== Segment start ==

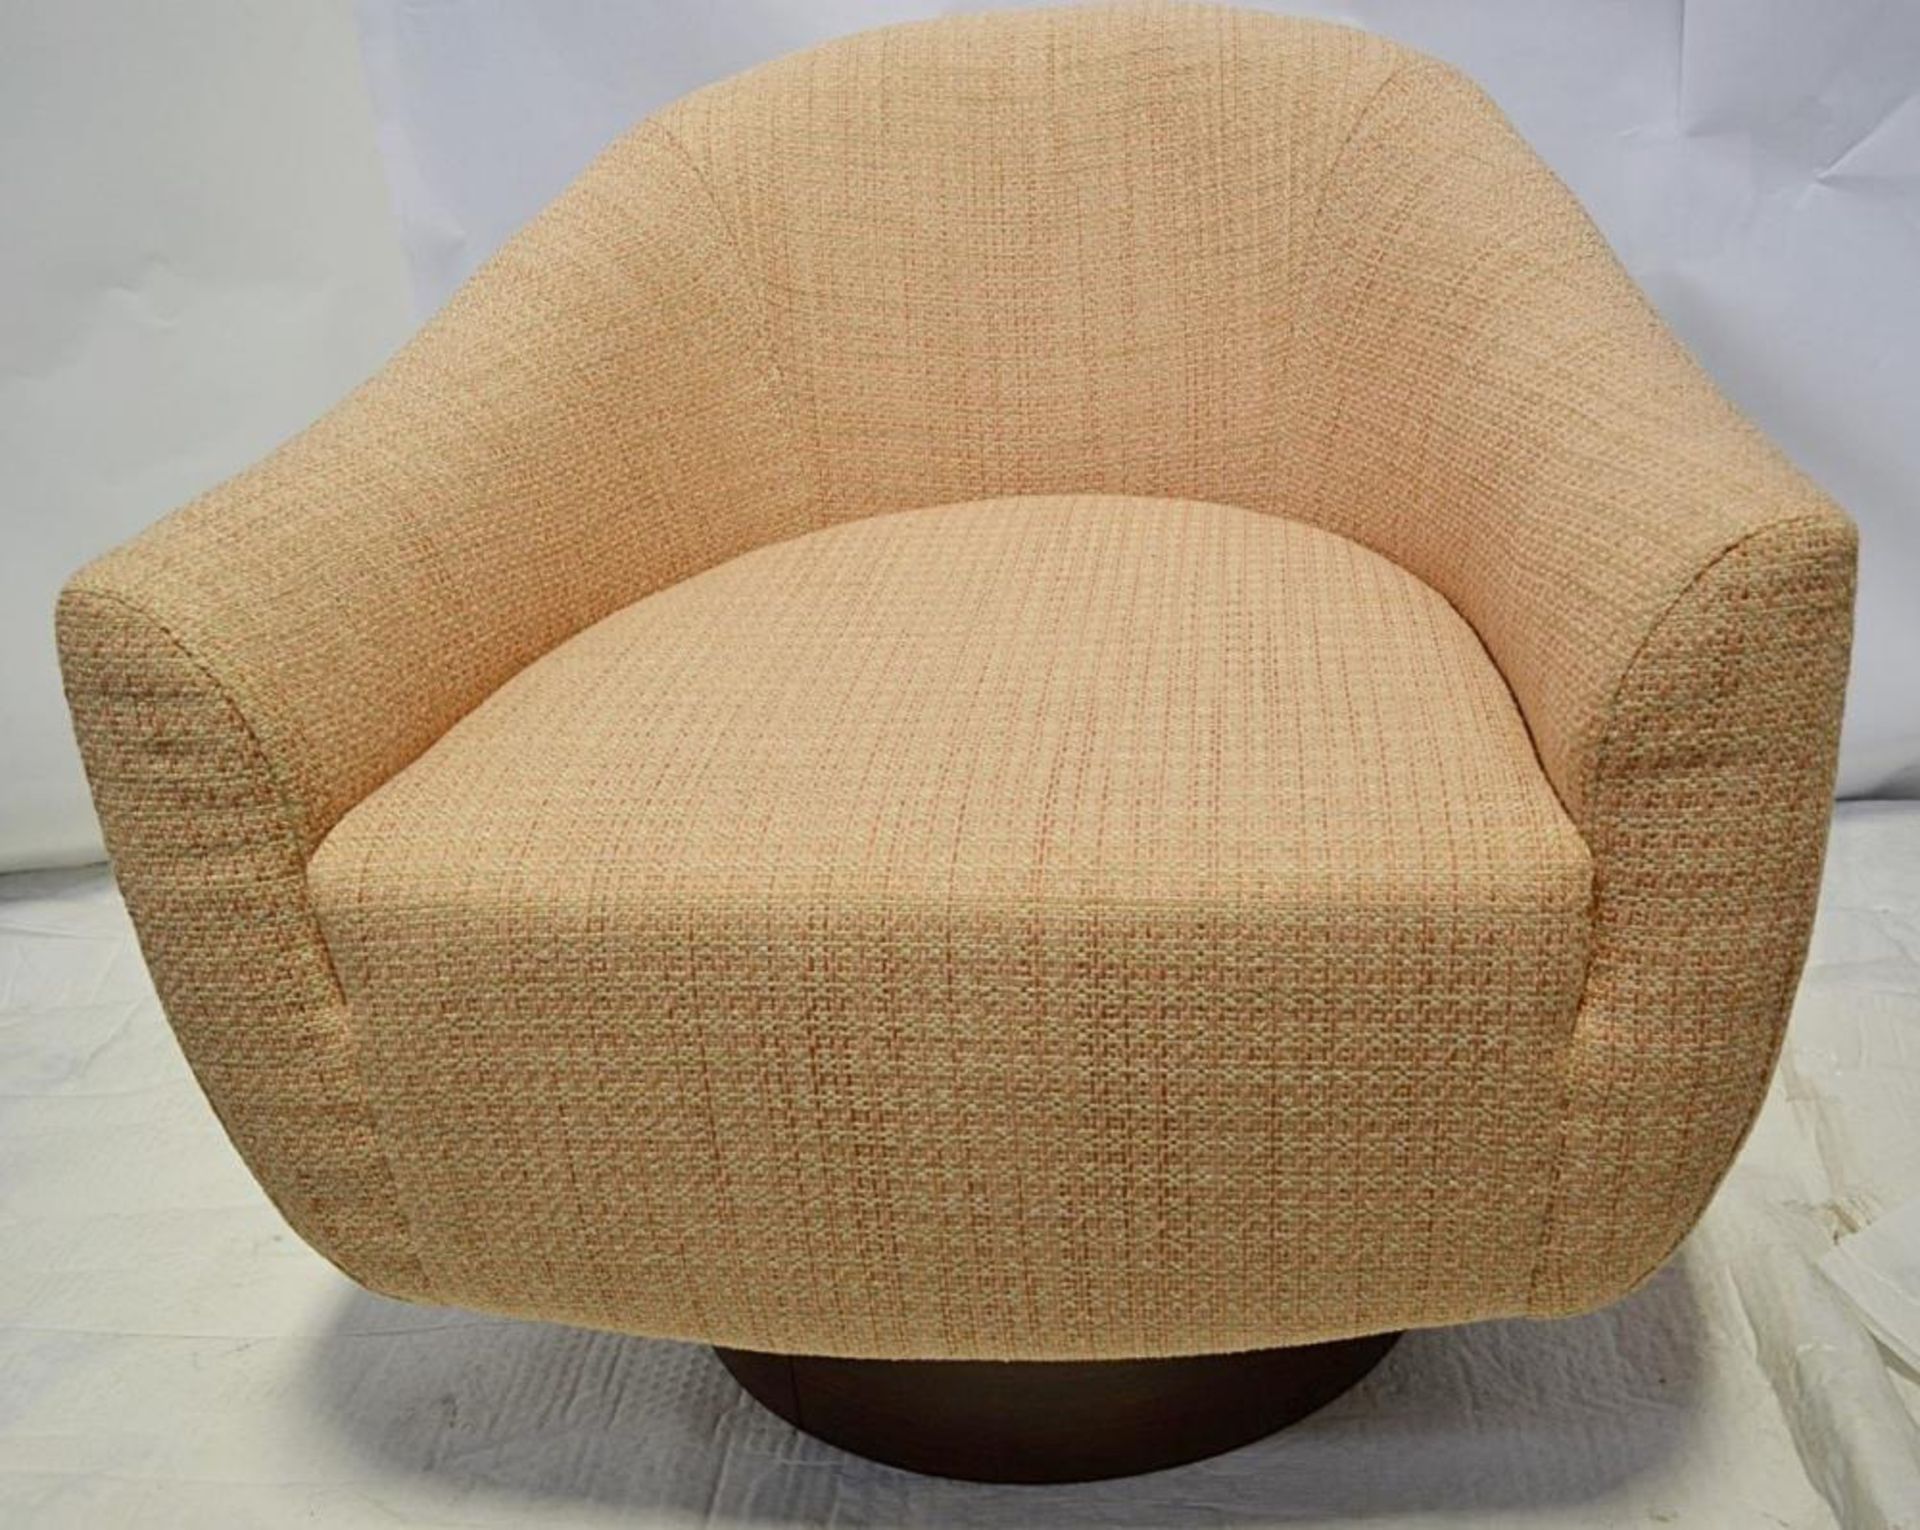 1 x KELLY WEARSTLER Sonara Swivel Chair Rosewood - Dimensions: 31” W x 35” D x 31” H - Ex-Display In - Image 18 of 28
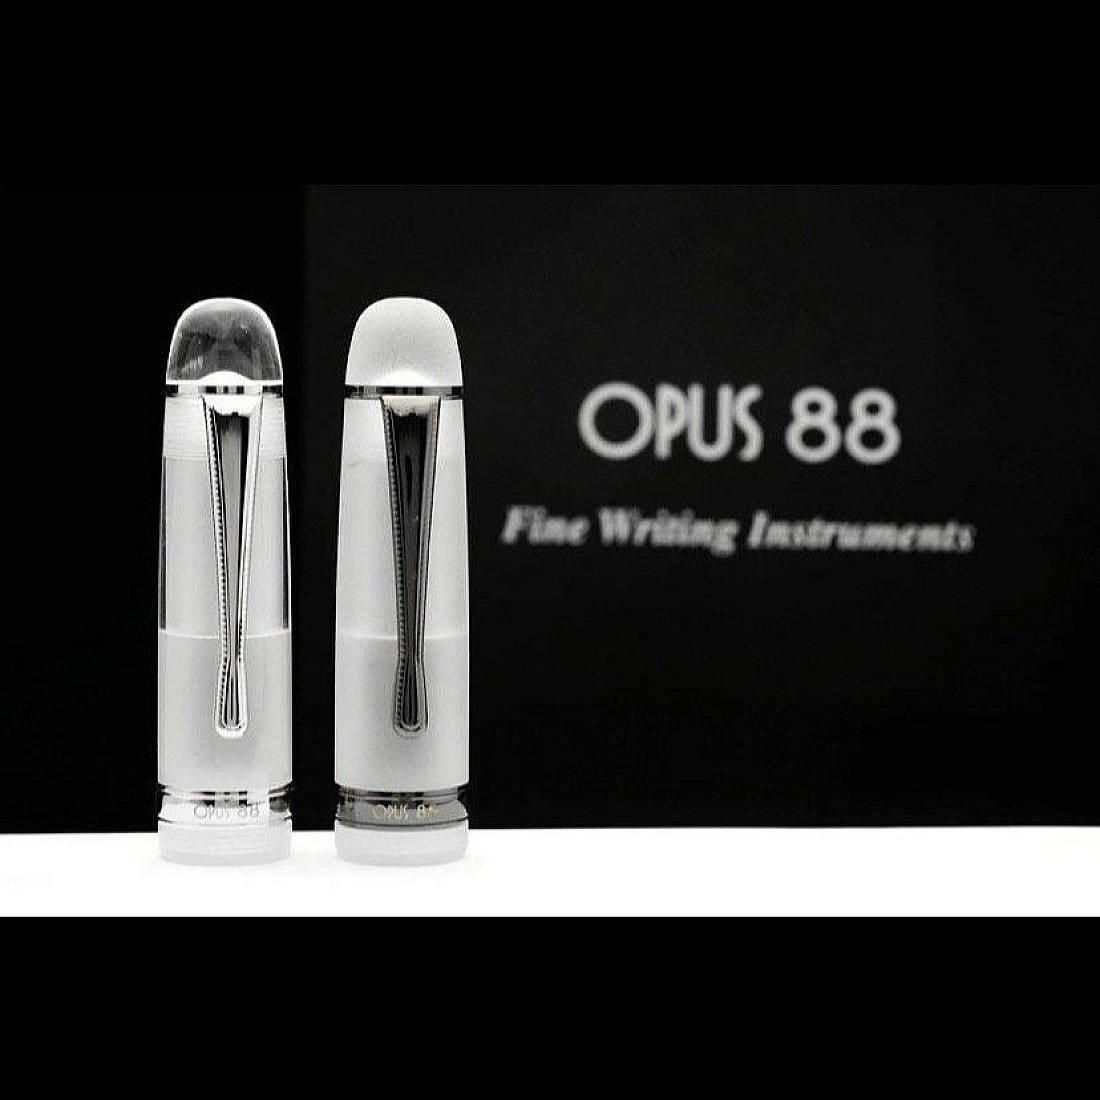 Opus 88 Jazz Holiday Clear Fountain pen
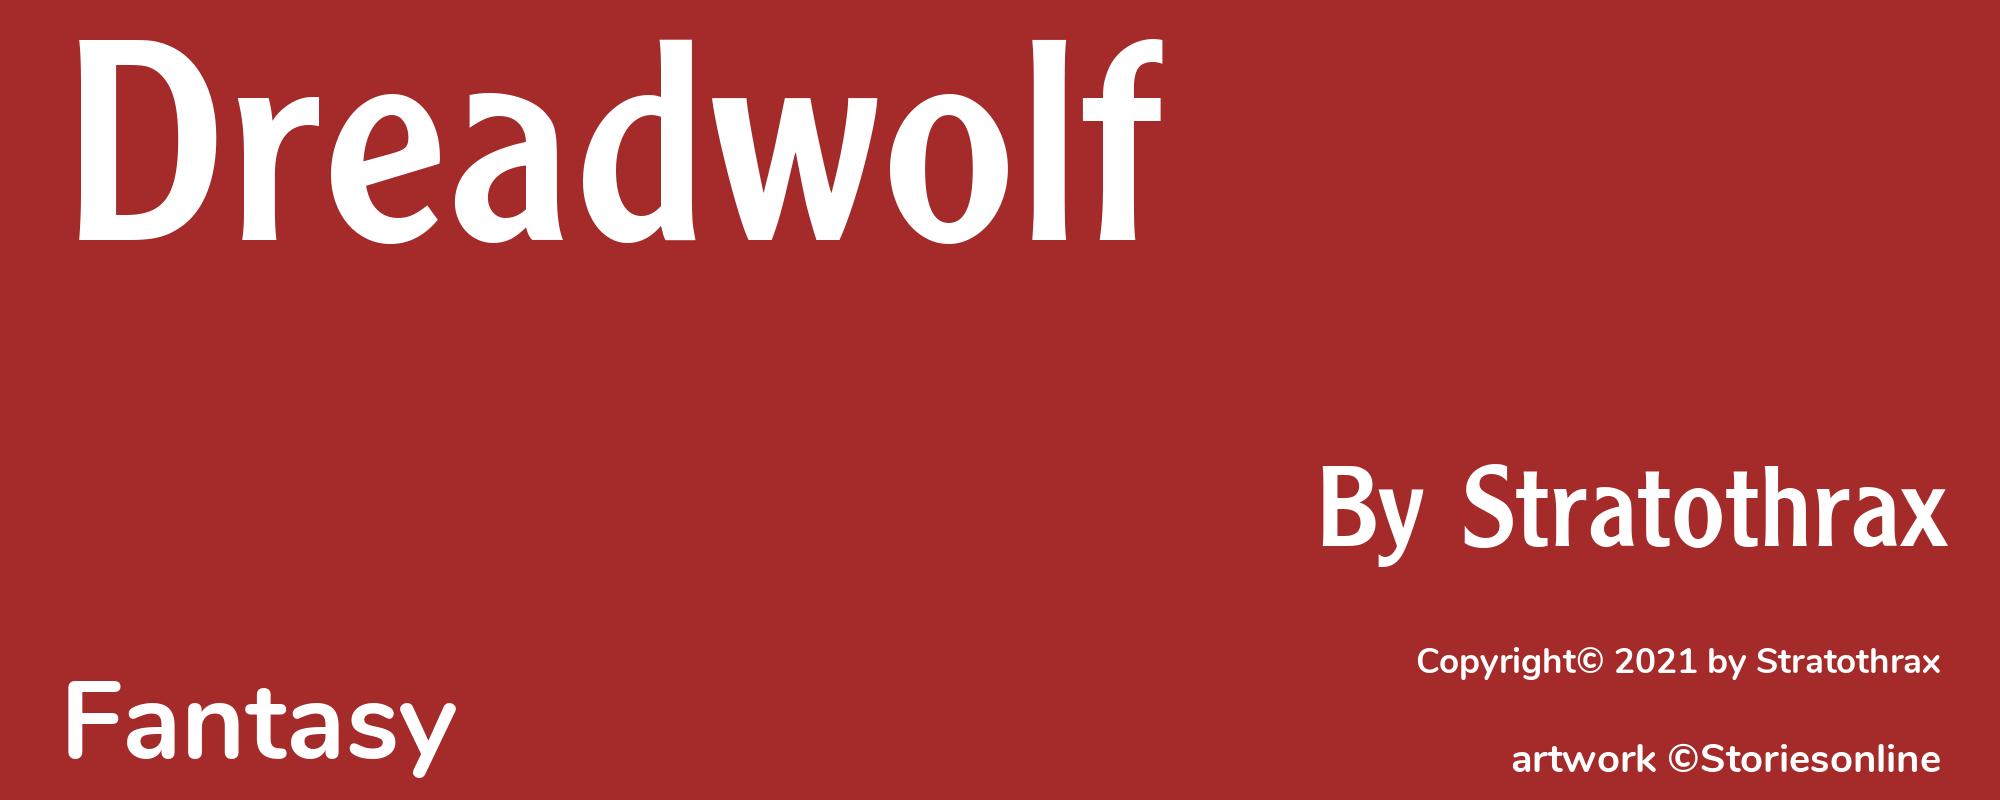 Dreadwolf - Cover

== Segment end ==

WORK TASK:
Everything in the listing must be copied exactly except the pictures.

RESULT BELOW:
 1 x KELLY WEARSTLER Sonara Swivel Chair Rosewood - Dimensions: 31” W x 35” D x 31” H - Ex-Display In - Image 18 of 28
 Opus 88 Jazz Holiday Clear Fountain pen
 Dreadwolf - Cover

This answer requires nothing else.